A dependency parser analyzes the grammatical structure of a sentence, establishing relationships between head words, and words which modify those heads. Our implementation will be a arc-standard transition-based parser, which incrementally builds up a parse one step at a time. At every step it maintains a partial parse, which is represented as follows:
- A *stack* of words that are currently being processed.
- A *buffer* of words yet to be processed.
- A list of *dependencies* predicted by the parser. <br>

Initially, the stack only contains ROOT, the dependencies list is empty, and the buffer contains all words of the sentence in order.
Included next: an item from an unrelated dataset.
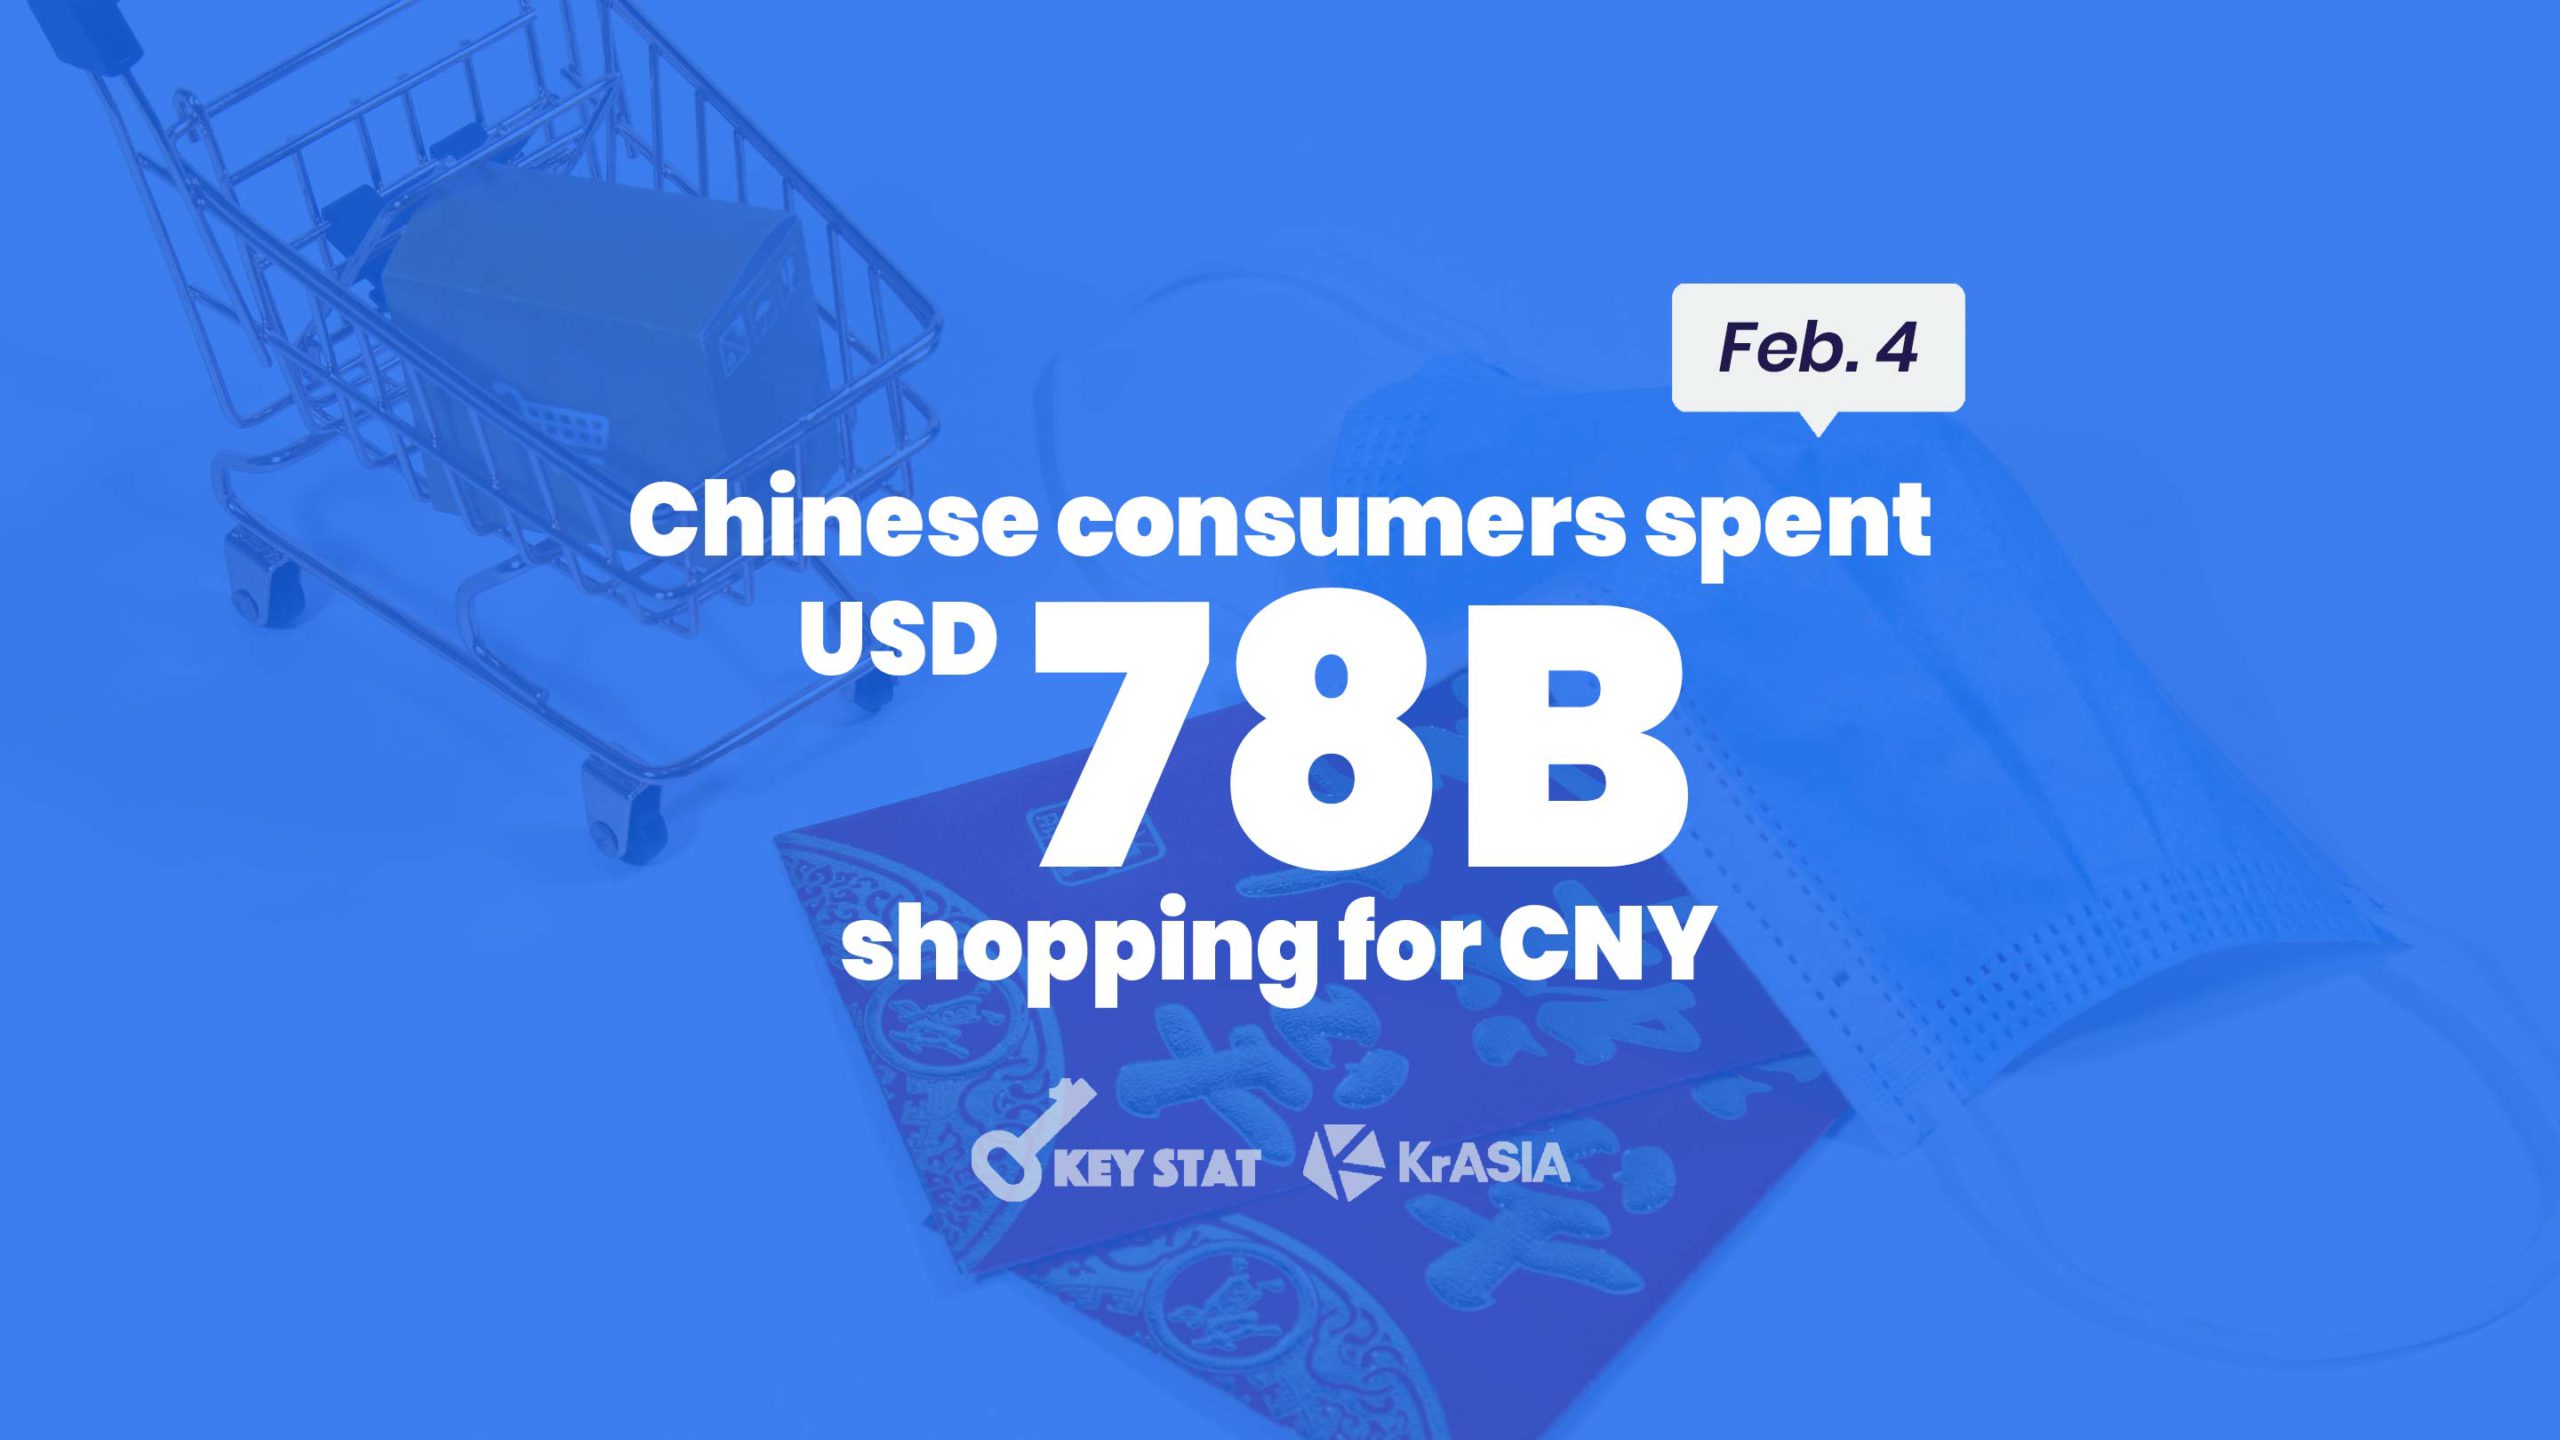 KEY STAT | Chinese turn to e-commerce for CNY holiday shopping

At each step, the parser applies a transition to the partial parse until its buffer is empty and the stack size is 1. The following transitions can be applied:
- SHIFT: removes the first word from the buffer and pushes it onto the stack.
- LEFT-ARC: marks the second (second most recently added) item on the stack as a dependent of the first item and removes the second item from the stack.
- RIGHT-ARC: marks the first (most recently added) item on the stack as a dependent of the second item and removes the first item from the stack.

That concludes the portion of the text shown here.